> [SUPPLIED MATERIAL]:
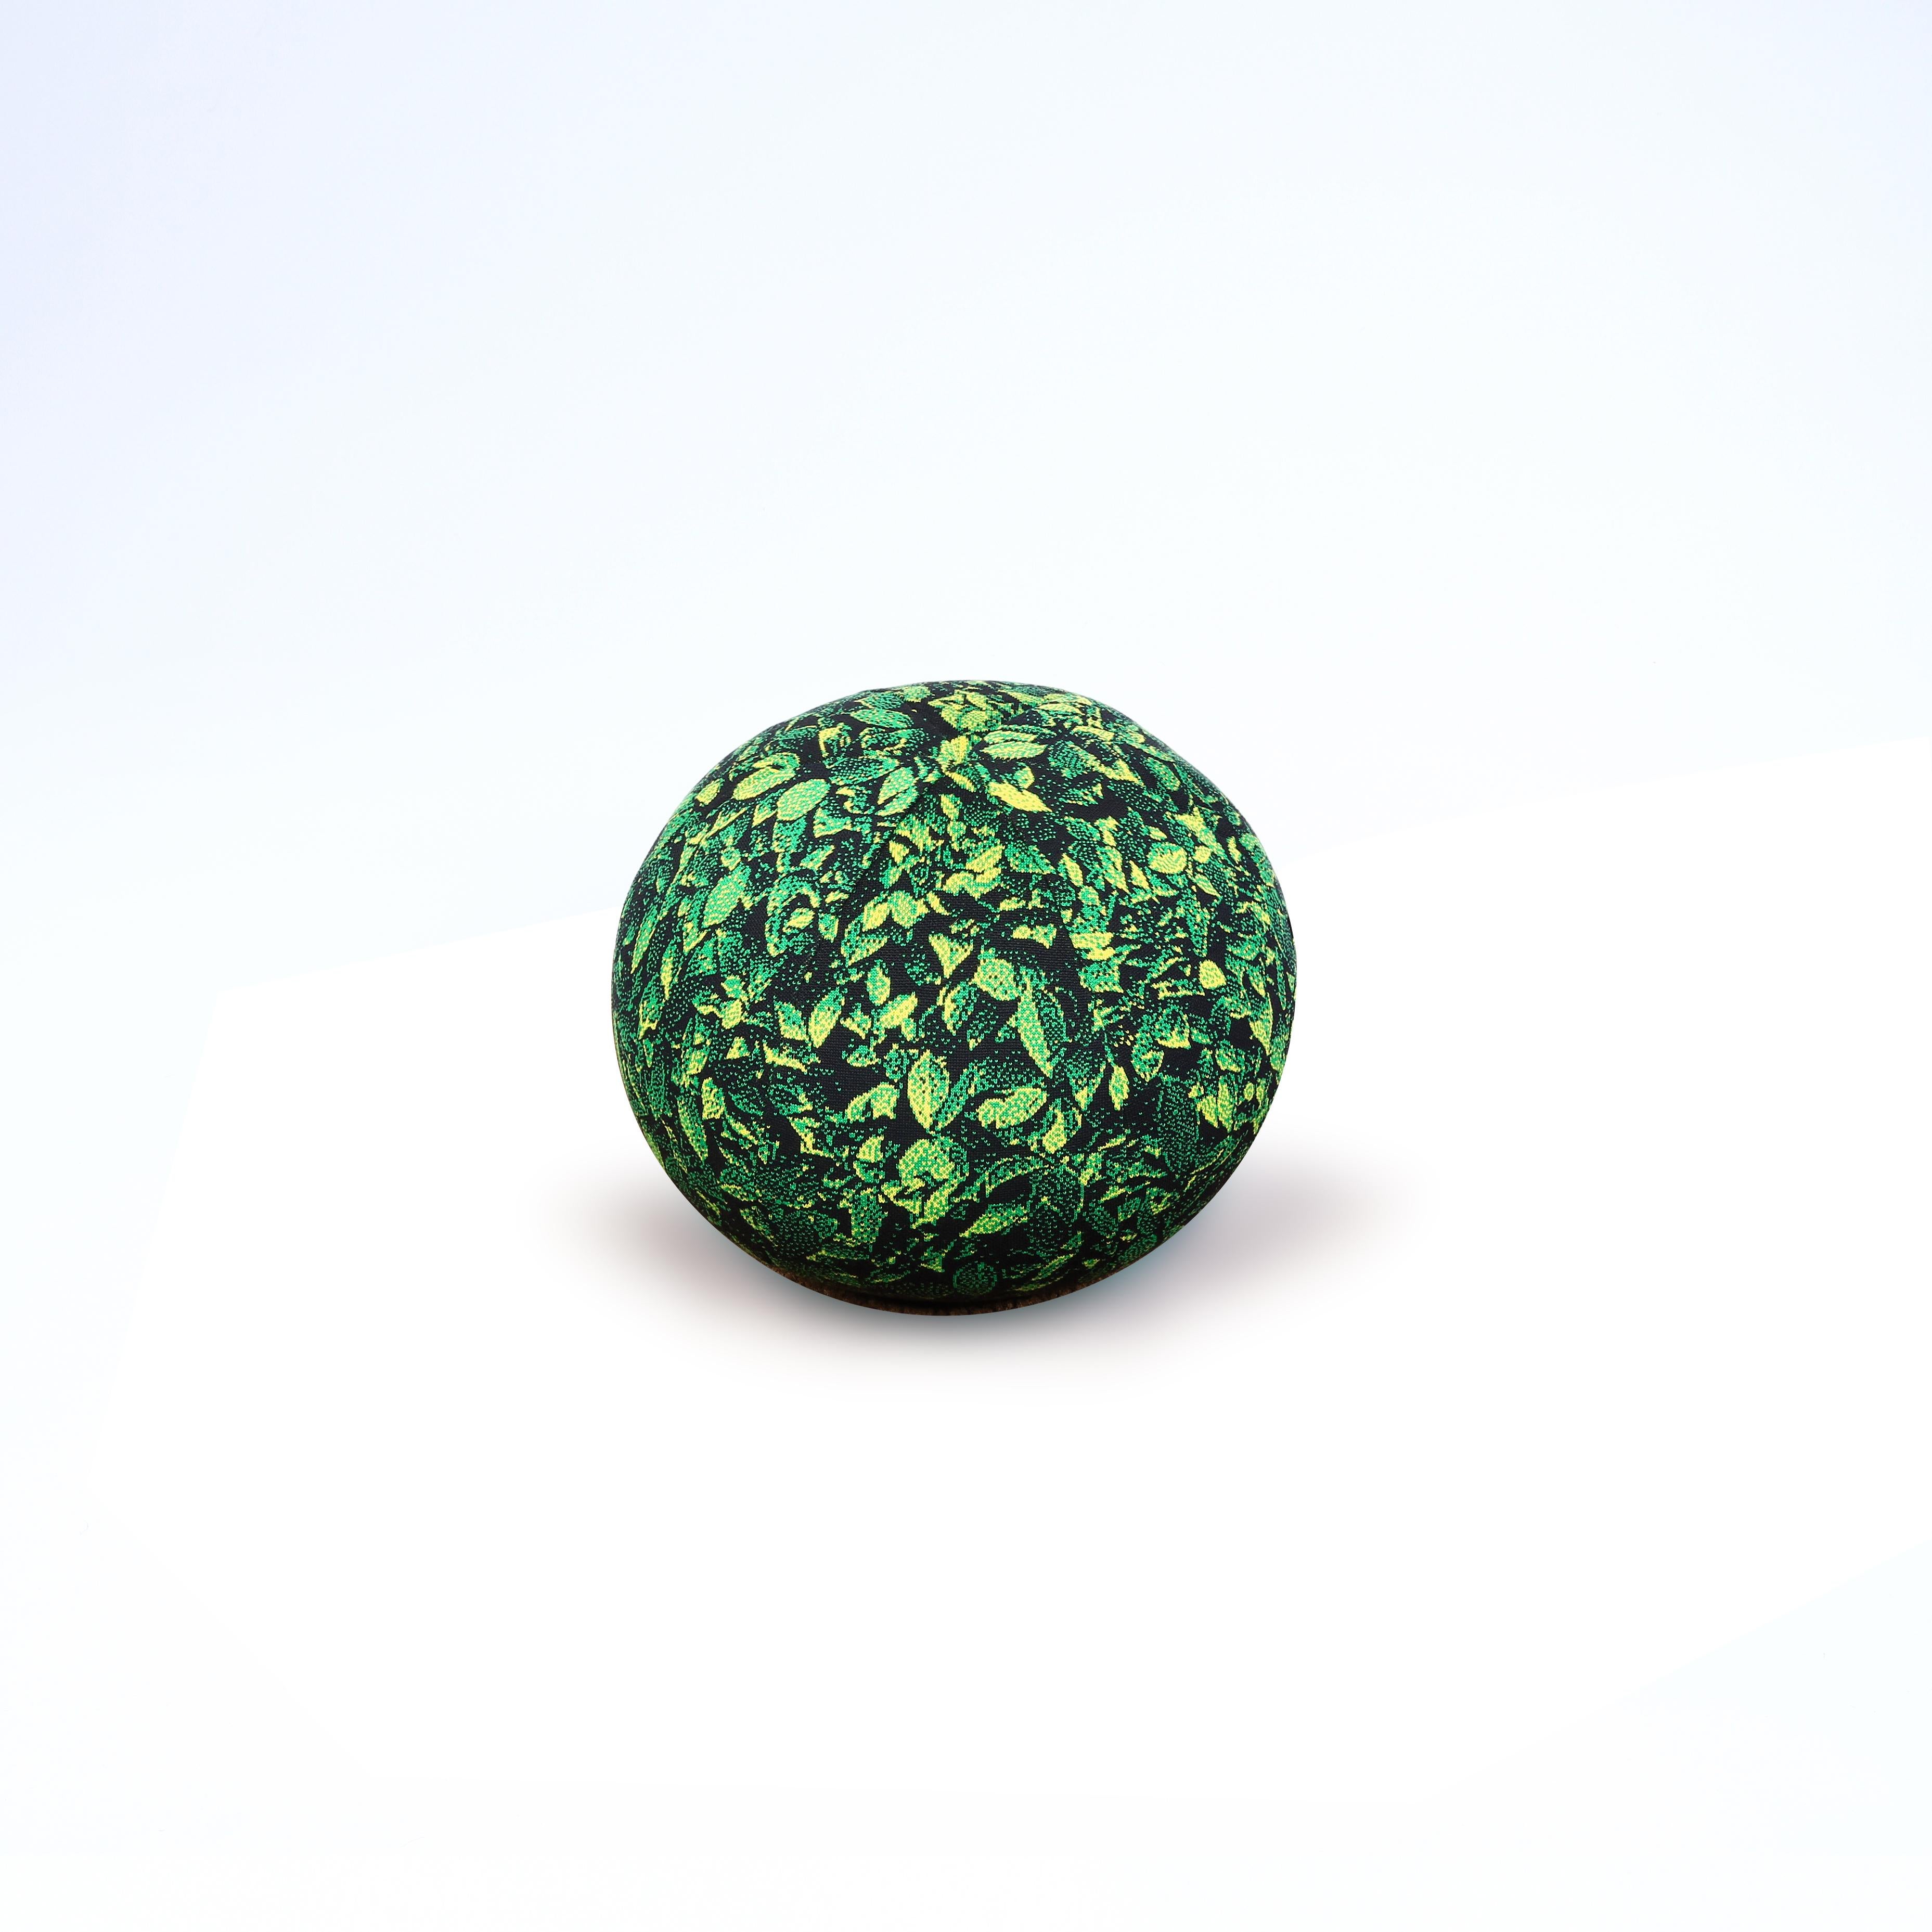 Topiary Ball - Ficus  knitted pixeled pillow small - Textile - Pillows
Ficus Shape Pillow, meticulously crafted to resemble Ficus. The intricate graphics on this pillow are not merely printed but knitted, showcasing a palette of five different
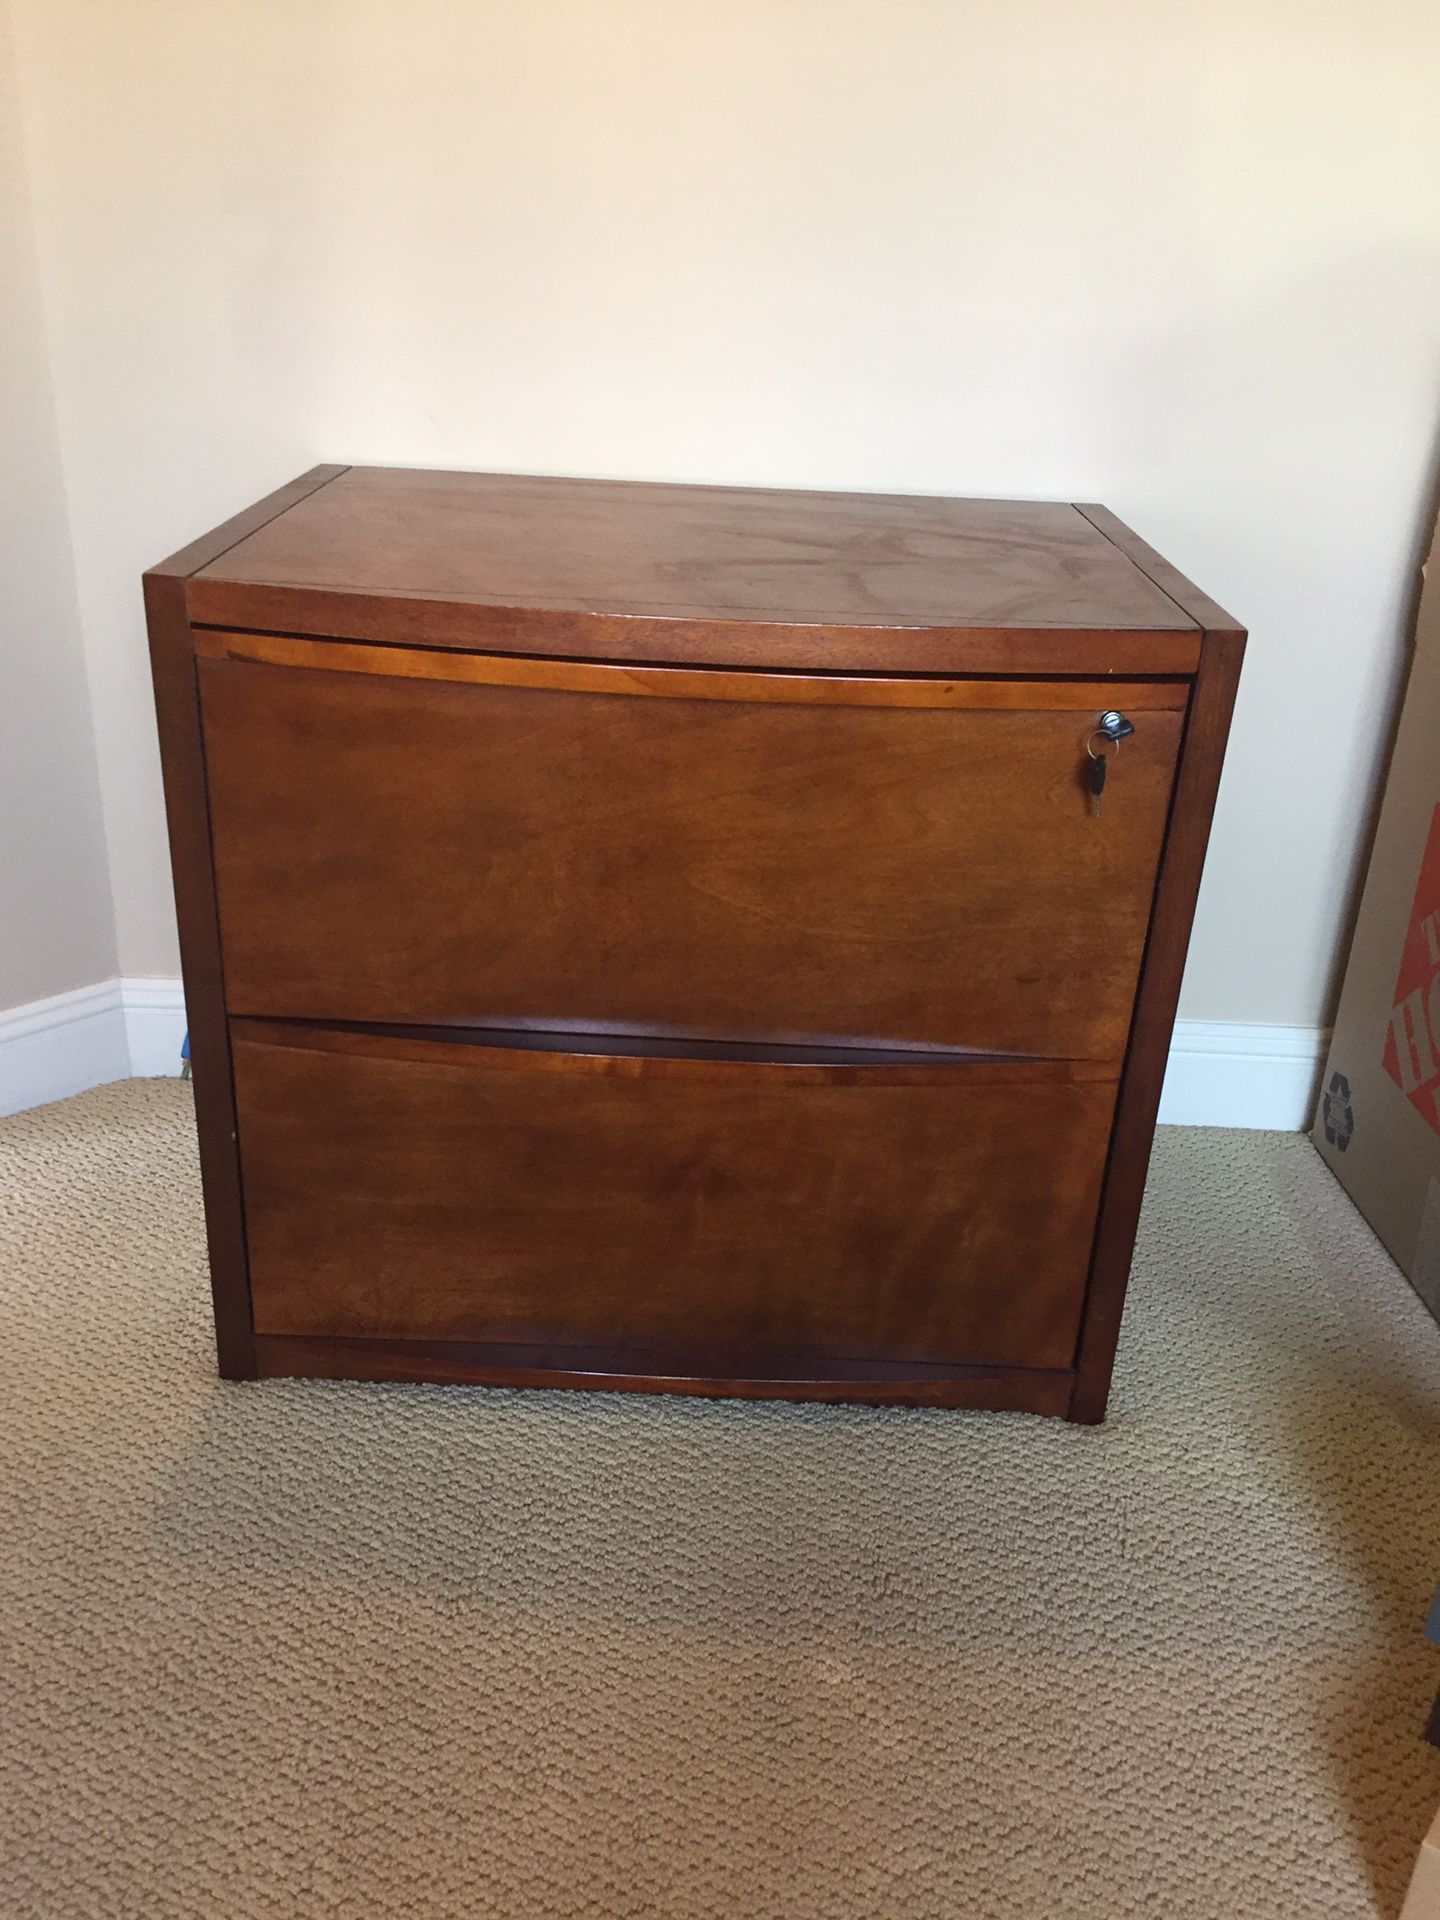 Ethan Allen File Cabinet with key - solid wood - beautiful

> [WHAT YOU ARE ASKED TO DO]: Please write out all the data again word for word, but not the pictures.

> [YOUR RESPONSE]:
 Topiary Ball - Ficus  knitted pixeled pillow small - Textile - Pillows
Ficus Shape Pillow, meticulously crafted to resemble Ficus. The intricate graphics on this pillow are not merely printed but knitted, showcasing a palette of five different
 Ethan Allen File Cabinet with key - solid wood - beautiful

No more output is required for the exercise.